Reject crafted ZIPs that scan empty but unpack code (#780)#790
dvlinuxx-max wants to merge 2 commits into
DataDog:v3from
dvlinuxx-max:dvlinuxx-max/fix-zip-eocd-differential

Conversation

@dvlinuxx-max

@dvlinuxx-max dvlinuxx-max commented Jun 24, 2026

Copy link
Copy Markdown

Fixes #780.

While looking at how guarddog reads wheels I noticed it trusts whatever zipfile enumerates from the central directory.

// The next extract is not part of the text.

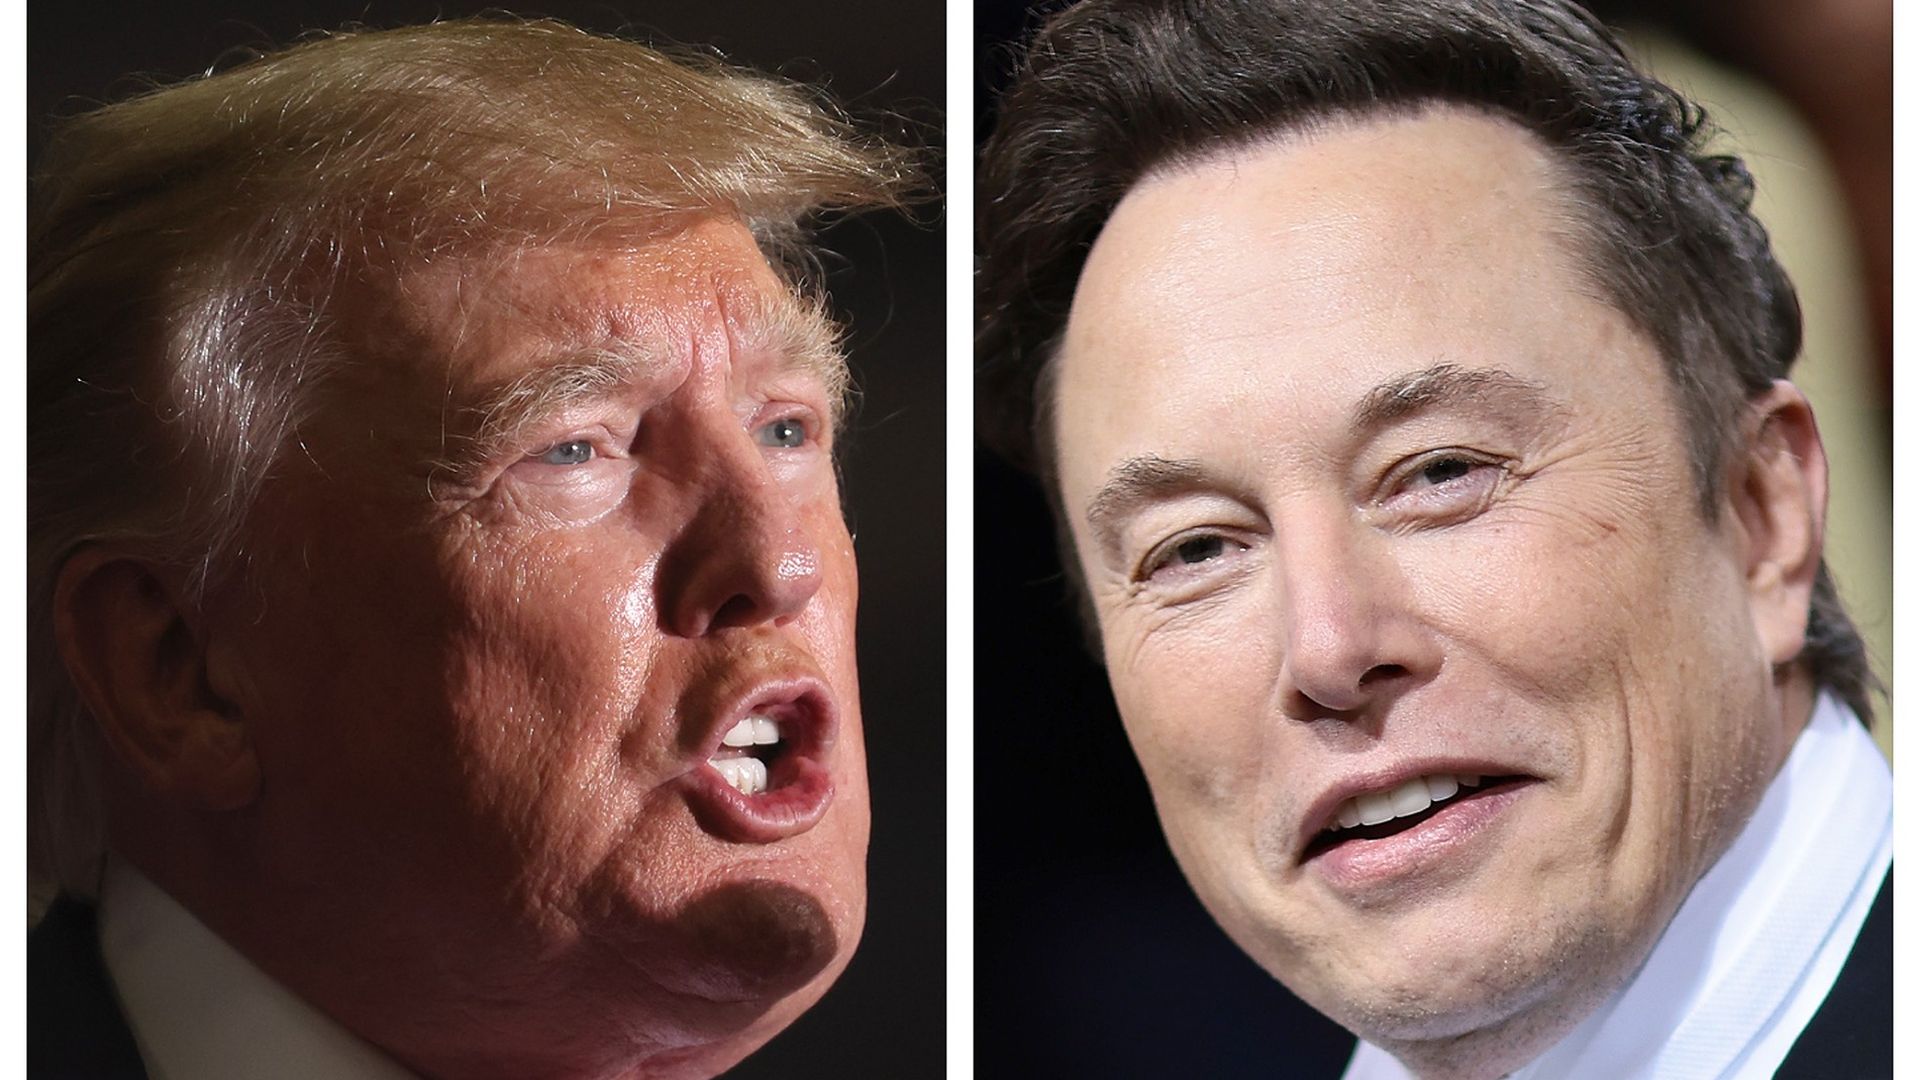 Combination images of former President Trump and Elon Musk.
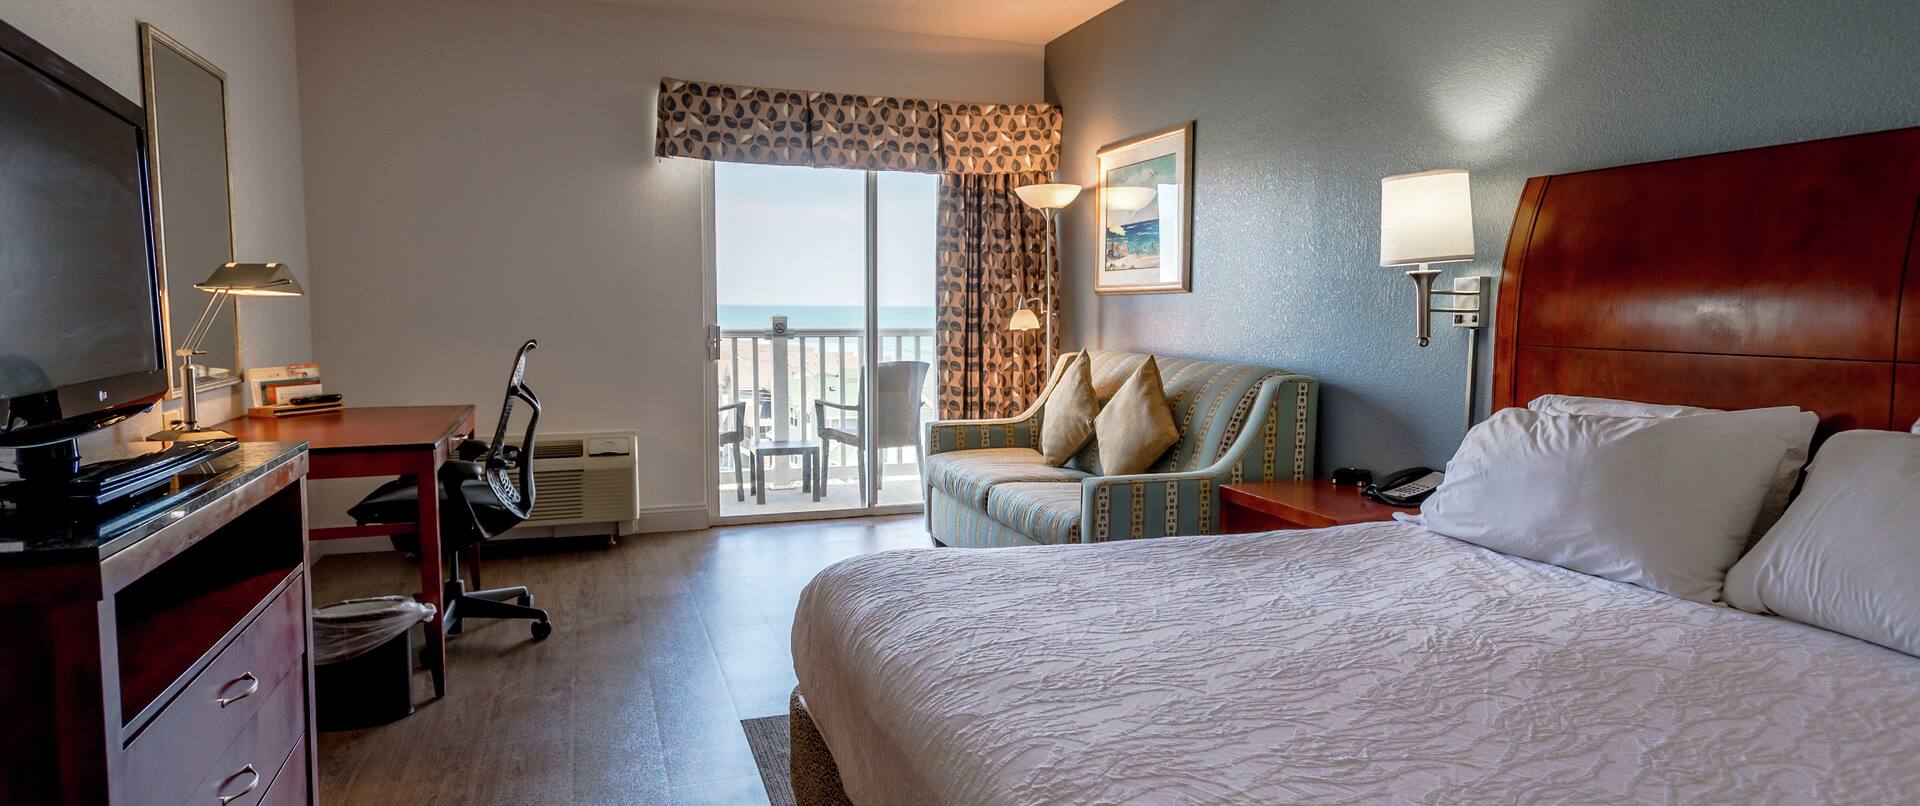 King Guestroom with Bed, Room Technology, Work Desk, Lounge Area, and Patio with Oceanview

You can craft an archive where that view is empty but the payload is still there:

  • set the EOCD size of central directory to 0
  • or append a second EOCD record with 0 entries
  • or point cd_offset at an empty central directory

In all of these zipfile.namelist() comes back empty, so safe_extract pulls out zero files and the package scans as clean ("Found 0 potentially malicious indicators") - even though pip and other installers happily unpack the code from the local file headers.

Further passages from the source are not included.